Smoking has also been responsible for a substantial portion of deaths across sex and race groups, with African-American men consistently having the highest proportion of deaths due to smoking. This outcome confirms continuing mortality differentials in the U.S. due to previous smoking exposure, especially among African-American who have disproportionately used menthol cigarettes. It is estimated that among men, smoking-attributable mortality caused almost 28% of the reduction in the difference in life expectancy at age 50 for African-Americans compared to Whites in 2000 and approximately 15% of the reduction in 2019. Among women the contribution of smoking to differences in mortality and life expectancy by race was somewhat smaller during the same period.

During a 2016 presentation at the World Bank, Jason Furman, the former Chairman of the Council of Economic Advisers during the Obama Administration, noted that differing trends in smoking rates by income in the U.S. are likely one important factor driving differences in the evolution of mortality rates among people in different income groups as lower-income individuals are more likely to experience higher rates of smoking-related disease and death. While adult smoking rates have dropped from 25.5%  in 1990 to an estimated 13.9% in 2017, lower-income individuals have not seen as large a drop in smoking rates. In 2016, 25.3% of adults living below the poverty level smoked, compared with 14.3% of adults living at or above the poverty level. People living in poverty smoke cigarettes more heavily and smoke for nearly twice as many years as people with a family income three times the poverty rate. As a result, they suffer more from smoking-caused diseases. People living below the poverty level also have higher levels of exposure to secondhand smoke. In 2017-2018, 44.6% of people living below the poverty level were exposed to secondhand smoke, compared to 21.3% of people living at or above the poverty level.

Although the impact of cigarette smoking on mortality is diminishing in the U.S., new tobacco products aimed at youth are on the market. According to the 2020 National Youth Tobacco Survey, current use of any tobacco product was reported by 16.2% (4.47 million) of all students, including 23.6% (3.65 million) of high school (grades 9-12) and 6.7% (800,000) of middle school (grades 6-8) students. Electronic cigarettes (e-cigarettes) were the most commonly used tobacco product among high school (19.6%; 3.02 million) and middle school (4.7%; 550,000) students. Given their relatively recent introduction, the long-term health impacts of e-cigarette use are not yet well-established.  But, growing evidence suggests that vaping might serve as an introductory product for preteens and teens who then go on to use other nicotine products, including cigarettes, which are known to cause disease and premature death. Additionally, a study of adult smokers in Europe found those who vaped nicotine were less like to have stopped smoking than those who did not, and those who used e-cigarettes also smoked more cigarettes than those who did not. Another study of some e-cigarette products found the vapor contains known carcinogens and toxic chemicals, as well as potentially toxic metal nanoparticles from the device itself.
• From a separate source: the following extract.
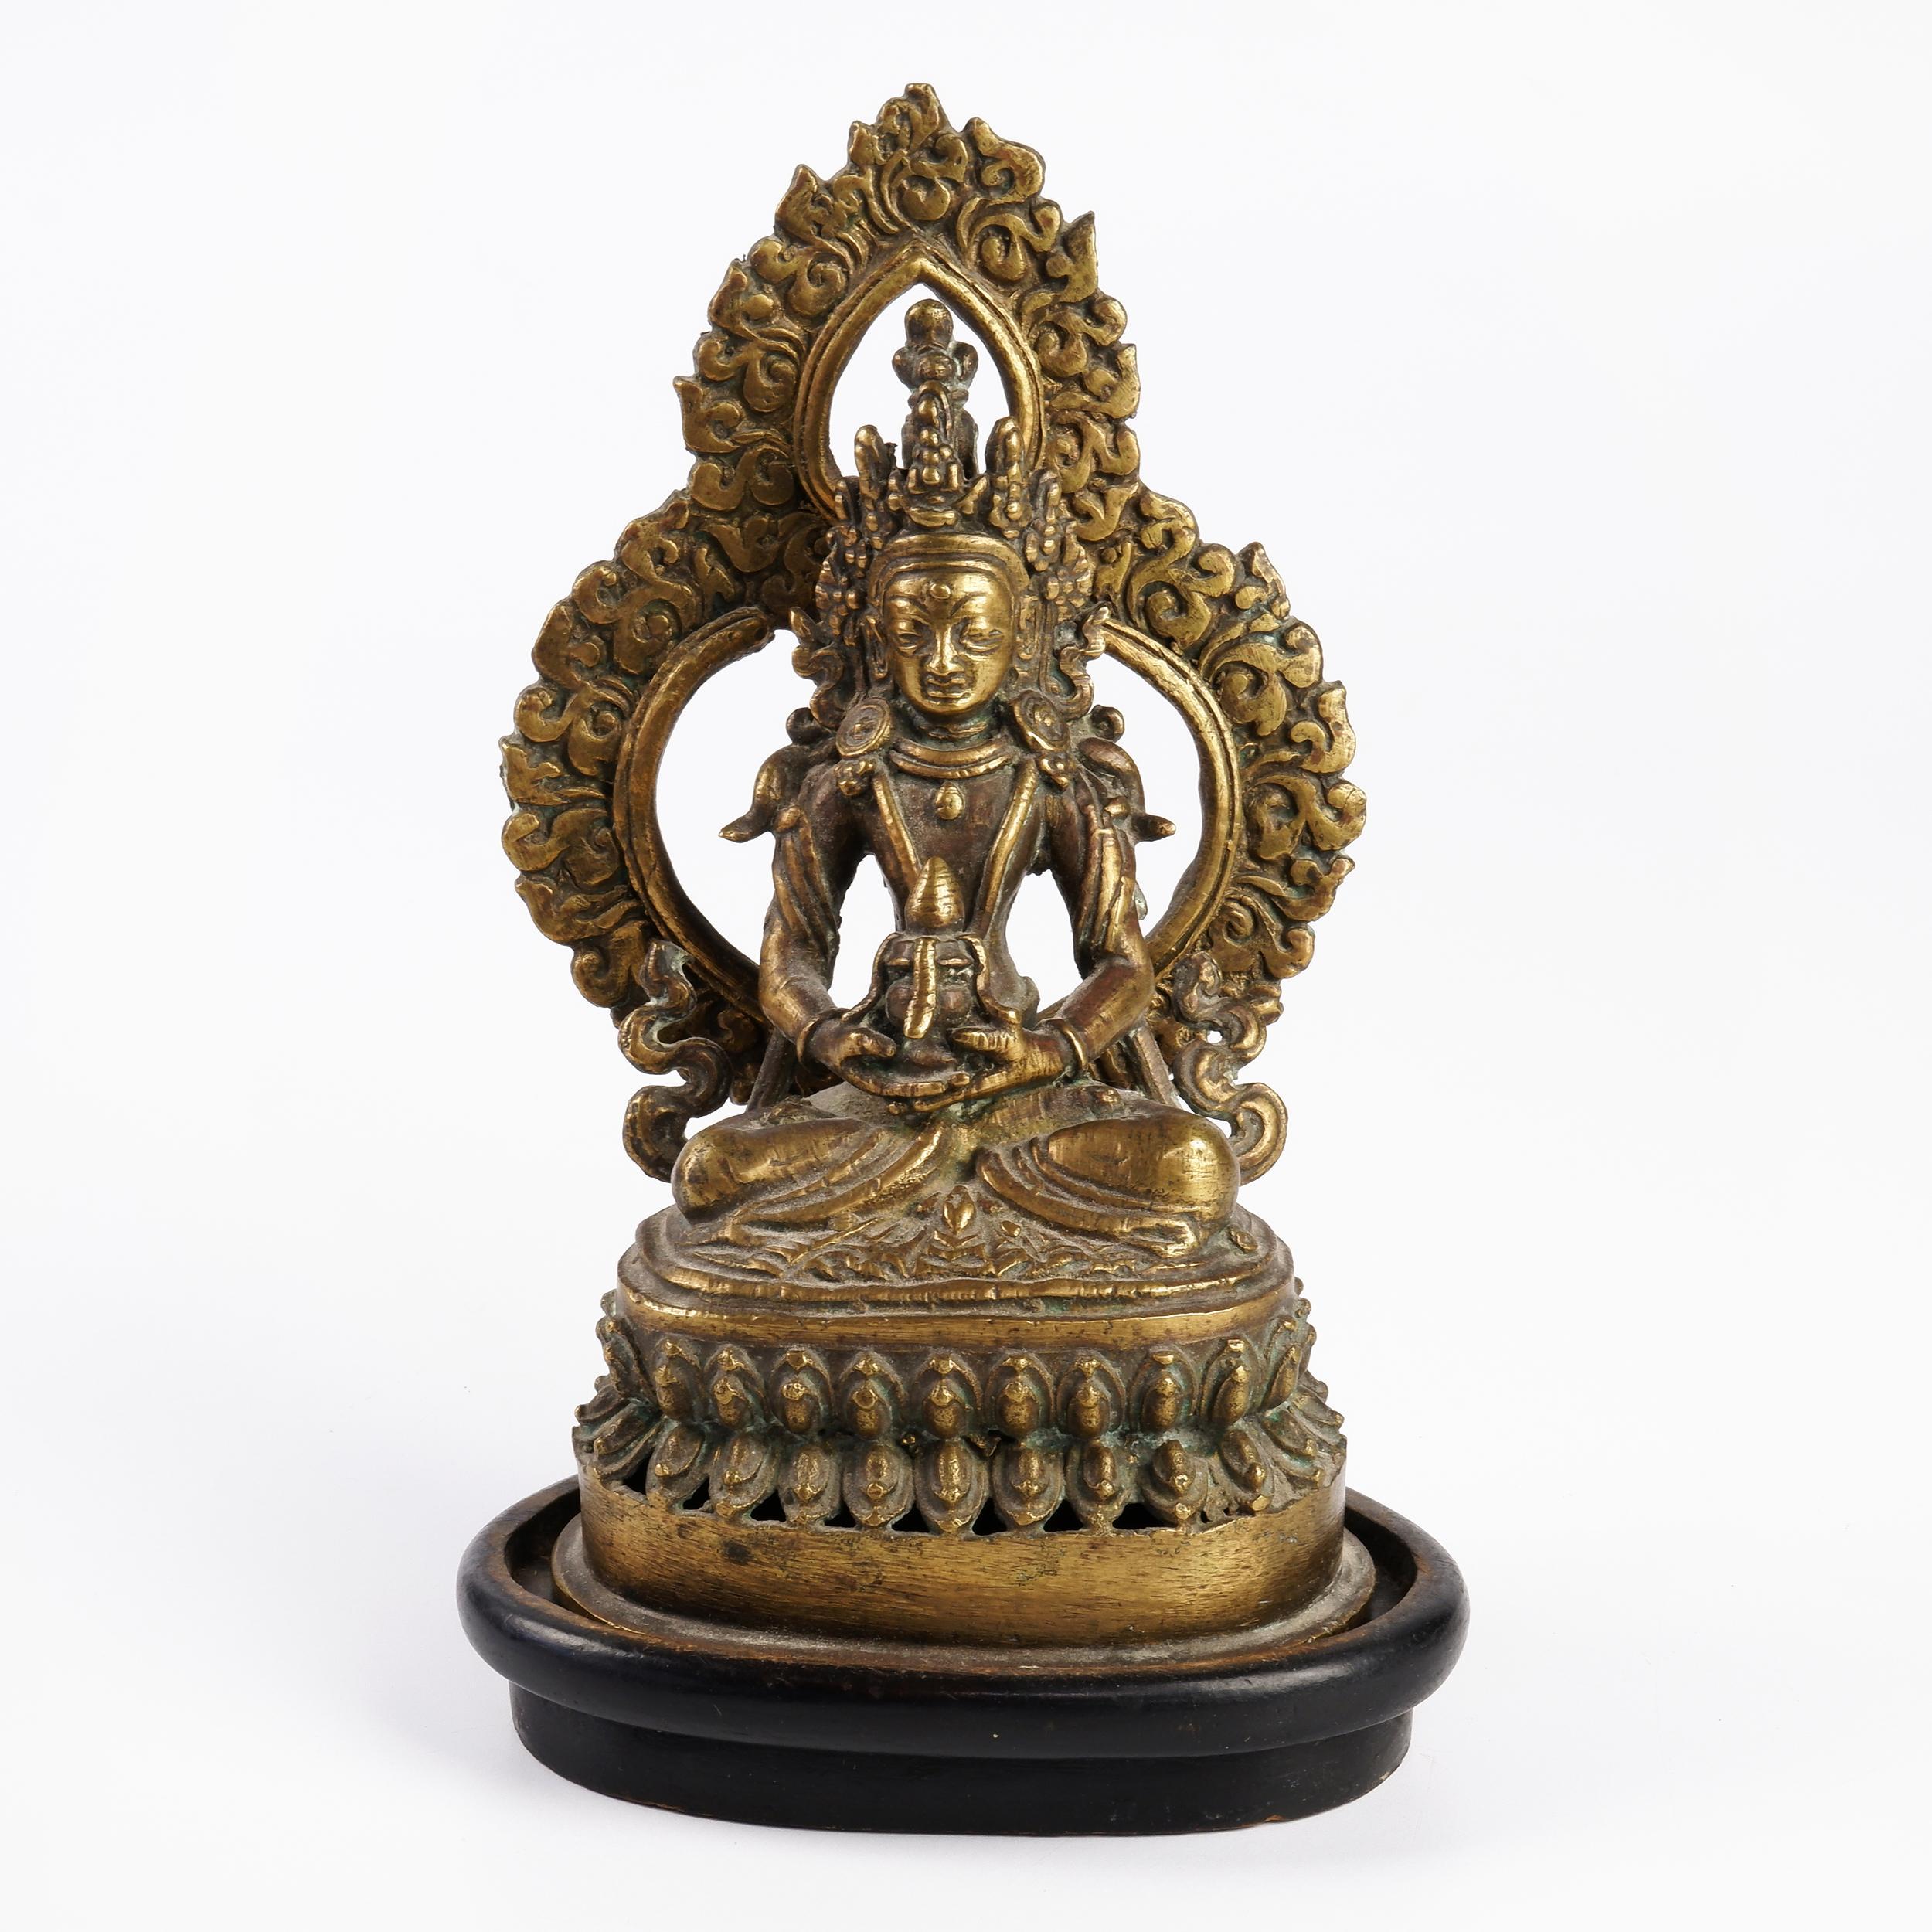 'Cast Bronze Figure of Buddha Amitayus Seated Beneath a Flaming Mandorla on a Double Lotus Base'

Smoking Costs the U.S. Billions of Dollars Each Year

Estimates show that cigarette smoking cost the U.S. more than $600 billion in 2018, as follows:

  • More than $240 billion in healthcare spending, including by federal government programs (e.g., Medicare, VA health care) and federal and state programs (e.g., Medicaid) that are funded by taxpayers.
  • Nearly $185 billion in morbidity-related productivity losses attributable to cigarette smoking. Absenteeism, presenteeism, home productivity, and the inability to work accounted for $9.4 billion, $46.8 billion, $12.8 billion, and $116.0 billion, respectively. State-level total costs ranged from $291 million to $16.9 billion, with a median cost of $2.7 billion.
  • Nearly $180 billion in lost productivity from smoking-related premature death.
  • $7 billion in lost productivity from premature death from secondhand smoke exposure.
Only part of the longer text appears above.